I used some cheap plastic skeleton heads I picked up at the dollar tree for a dollar. I cut up an old white t-shirt into long strips, then dipped it into a dark olive green latex paint ( sample size can, 3.00 ). After totally soaking the strip, you lightly ring it out, then mold it around the head. Completely cover the head this way. It will stick well as you mold. Use a razor blade to cut across at the mouth so you can push the material back to expose the teeth. Then use a hair dryer to dry it. I then shaded it using a cheap can of black spray paint ( a dollar at wal-mart) around the eye sockets, nostril holes, cheeks, and mouth. I used a dab of dark crimson paint ( craft paint 87 cents ) to add a little more detail around these areas too. Then I cut the hair off an old baby doll I picked up at a rummage sale ( 50 cents ) & glued it to the top of the head in sparse patches. I stuffed some old clothes that I had rolled in the dirt and torn up with a very minimal amount of leaves for stuffing. I attached the head and laid it all out in a coffin I built out of old barn wood. I threw in some rubber white grub worms I bought in the wal-mart fishing department for about a dollar a bag for maggots, & a couple of rubber snakes that were also a dollar each. I pulled some spider webbing across the coffin ( yep, a dollar) to finish it off. It looked just like a rotting corpse, complete with maggots. Using materials I had on hand like the old clothes, I spent under 10.00 per corpse that I made. Most of the things I bought such as the webbing and craft paint were more than enough to make several with extra materials to spare.


----------



## RoxyBlue (Oct 6, 2008)

Sounds gruesome - you'll have to post some pictures for us


----------



## Bone Dancer (Oct 7, 2005)

Cool, a true haunter at work. And yes, pictures would be nice.


----------



## aquariumreef (Sep 16, 2010)

tl;wr


----------



## Scarypumpkinpie (Feb 1, 2012)

You can see it on our facebook page below. This was taken before I threw the maggots in LOL. I made a couple of these, using different clothes. I used some plastic bones with this one.

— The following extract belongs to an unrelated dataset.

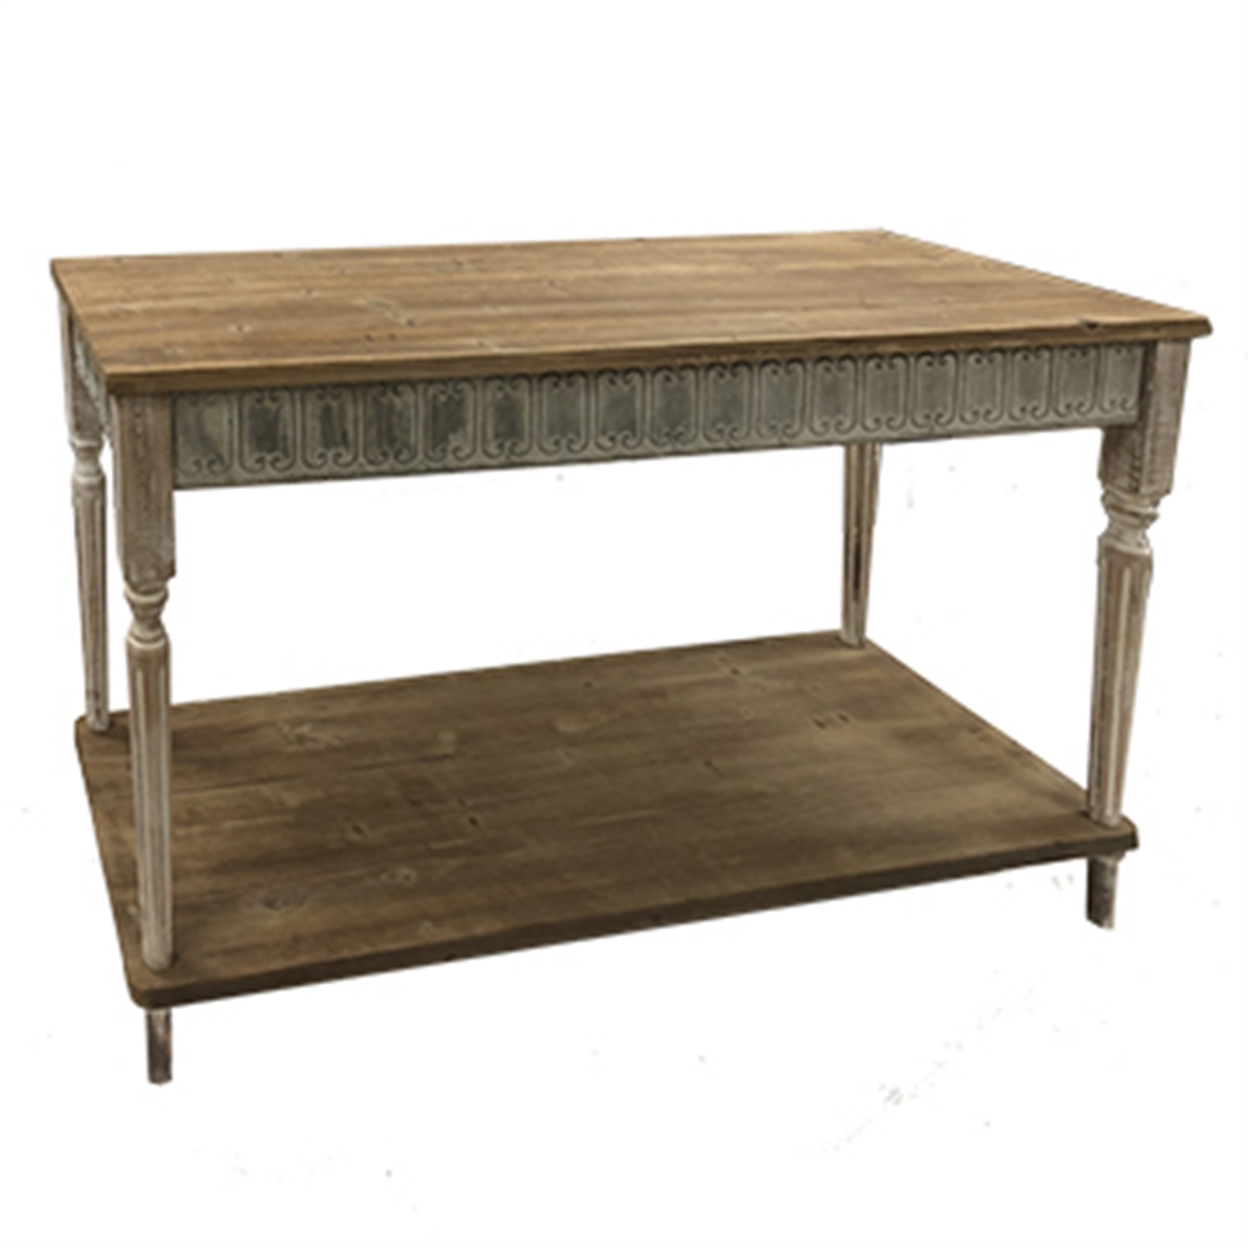 47 Inch Wood Console Table, 1 Open Shelf, Embossed Details, Weathered Brown- Saltoro Sherpi
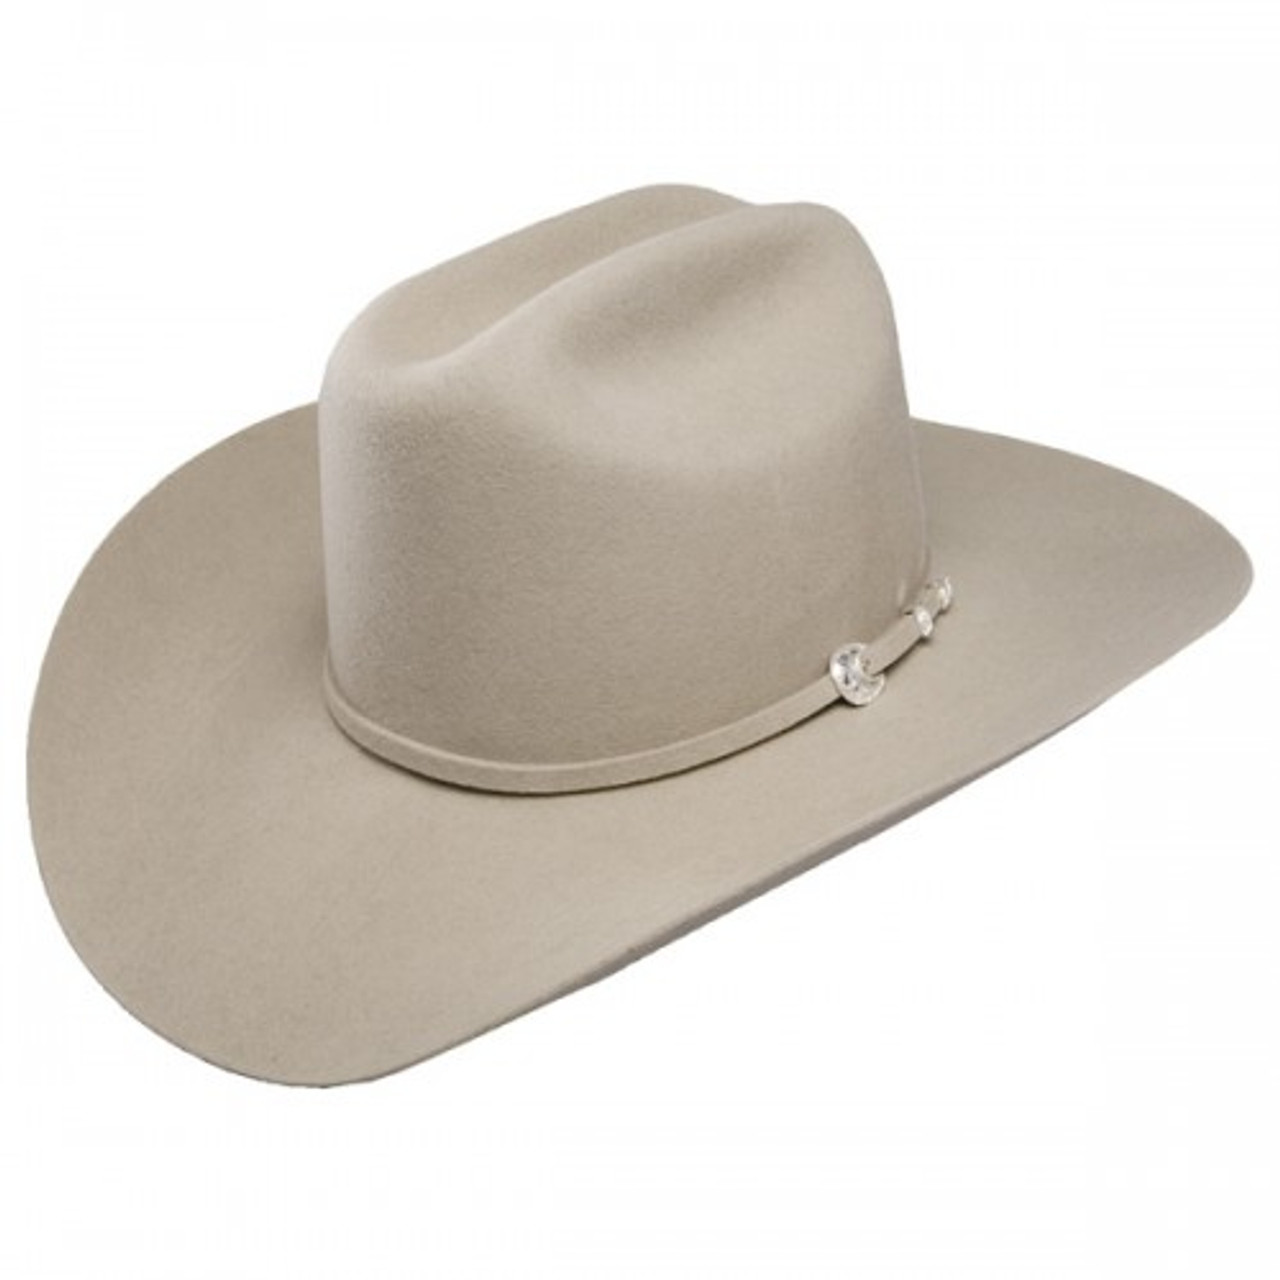 Stetson Felt Hats - Buffalo Collection - Corral - 4X - Silver - Billy's Western

https://www.facebook.com/media/set/...27196812.78393.288554641168814&type=3&theater


----------



## RoxyBlue (Oct 6, 2008)

I like the look you got on the head. If you make another one of these guys, consider adding some of the paint-soaked strips to the arms and feet as well, leaving some of the bone exposed. I think that will make for an even more convincing rotting character


----------



## Scarypumpkinpie (Feb 1, 2012)

Yes, it does! You can also use things like PVC pipe to make the arms and legs if you are wrapping the flesh around them. If it is an indoor haunt, I bet you could even duct tape together paper towel rolls and cover them with flesh this way. I ran out of the paint and time, so I just threw this one together with what I had left. I didn't take photos of the other dead guys we made. I was so busy with everything else I kept forgetting to take my camera. But, I have vowed to do better this year, and make some how to videos as well


----------